Un groupe de soixantenaires rieurs témoigne. "Charlie, c'est notre jeunesse ; Hara Kiri, c'est notre famille", s'enthousiasme une dame. "J'ai un paquet de journaux chez moi. Ils me ramènent au passé, mais aussi au futur. Mais je suis inquiète quant aux conséquences", dit une autre. "L'idée c'est de rester debout, nous sommes des vieux libertaires et baba cool. Dommage qu'on parle des libertaires seulement quand ils se font tuer", revendique un homme arborant un grand chapeau.

"UN TRUC SANS PRECEDENT"

"Nous sommes présents car nous avons été très choqués. C'est une atteinte à la République, à la liberté d'expression", explique un groupe d'étudiants de l'école d'infirmières. "Pour moi qui suis jeune, c'est un truc sans précédent", s'exclame un étudiant à Sciences po.

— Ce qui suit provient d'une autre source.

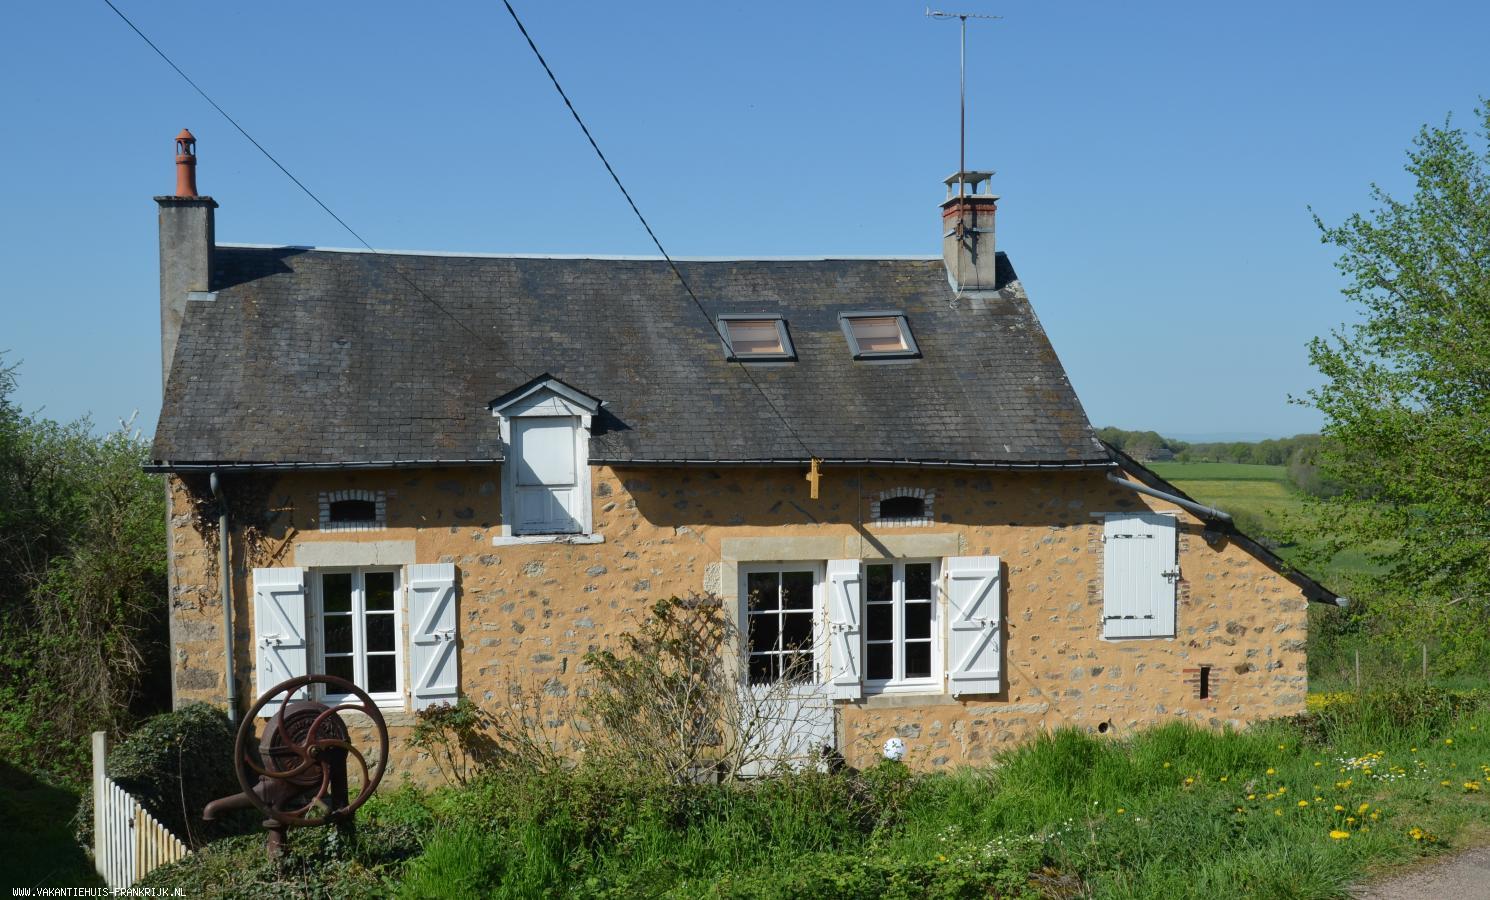 Vakantiehuis: Le Coquelicot in de Morvan met een prachtig uitzicht en waar u en uw honden welkom zijn, de tuin is omheind. te huur voor uw vakantie in Nievre (Frankrijk)

Des trentenaires se disent "soudés par rapport à la violence. Notre force c'est qu'on est tous ici. Il ne faut pas tirer de conclusion hâtive, ces gens ne sont pas des croyants, ce ne sont pas des musulmans".

Cette institutrice de CM2, brandissant une pancarte "Liberté", explique qu'elle en a parlé à ses élèves le matin : "L'école est là pour ça. On a mis des mots et on les a laissé s'exprimer. On ne doit rien lâcher !"

"CHARLIE DOIT CONTINUER"

Un groupe de jeunes du lycée Louis-Armand pense que "c'est inadmissible", "que Charlie Hebdo doit continuer", "que c'est triste qu'il y ait tant de morts pour que la liberté d'expression perdure".

Plus loin, des dames aux cheveux blancs se disent "scandalisées par ces meurtres. Nous sommes là pour défendre la liberté de la presse, la laïcité, la liberté". "Je regrette malgré tout qu'il n'y ait pas plus de musulmans avec nous ce soir", confie une autre.

Ce vendredi matin, le kiosque de la place des Arts a un air bien triste avec ses bougies, fleurs et "Je suis Charlie", mais jeudi soir, chez les nombreuses personnes réunies, il fleurait bon la solidarité et le "vivre ensemble".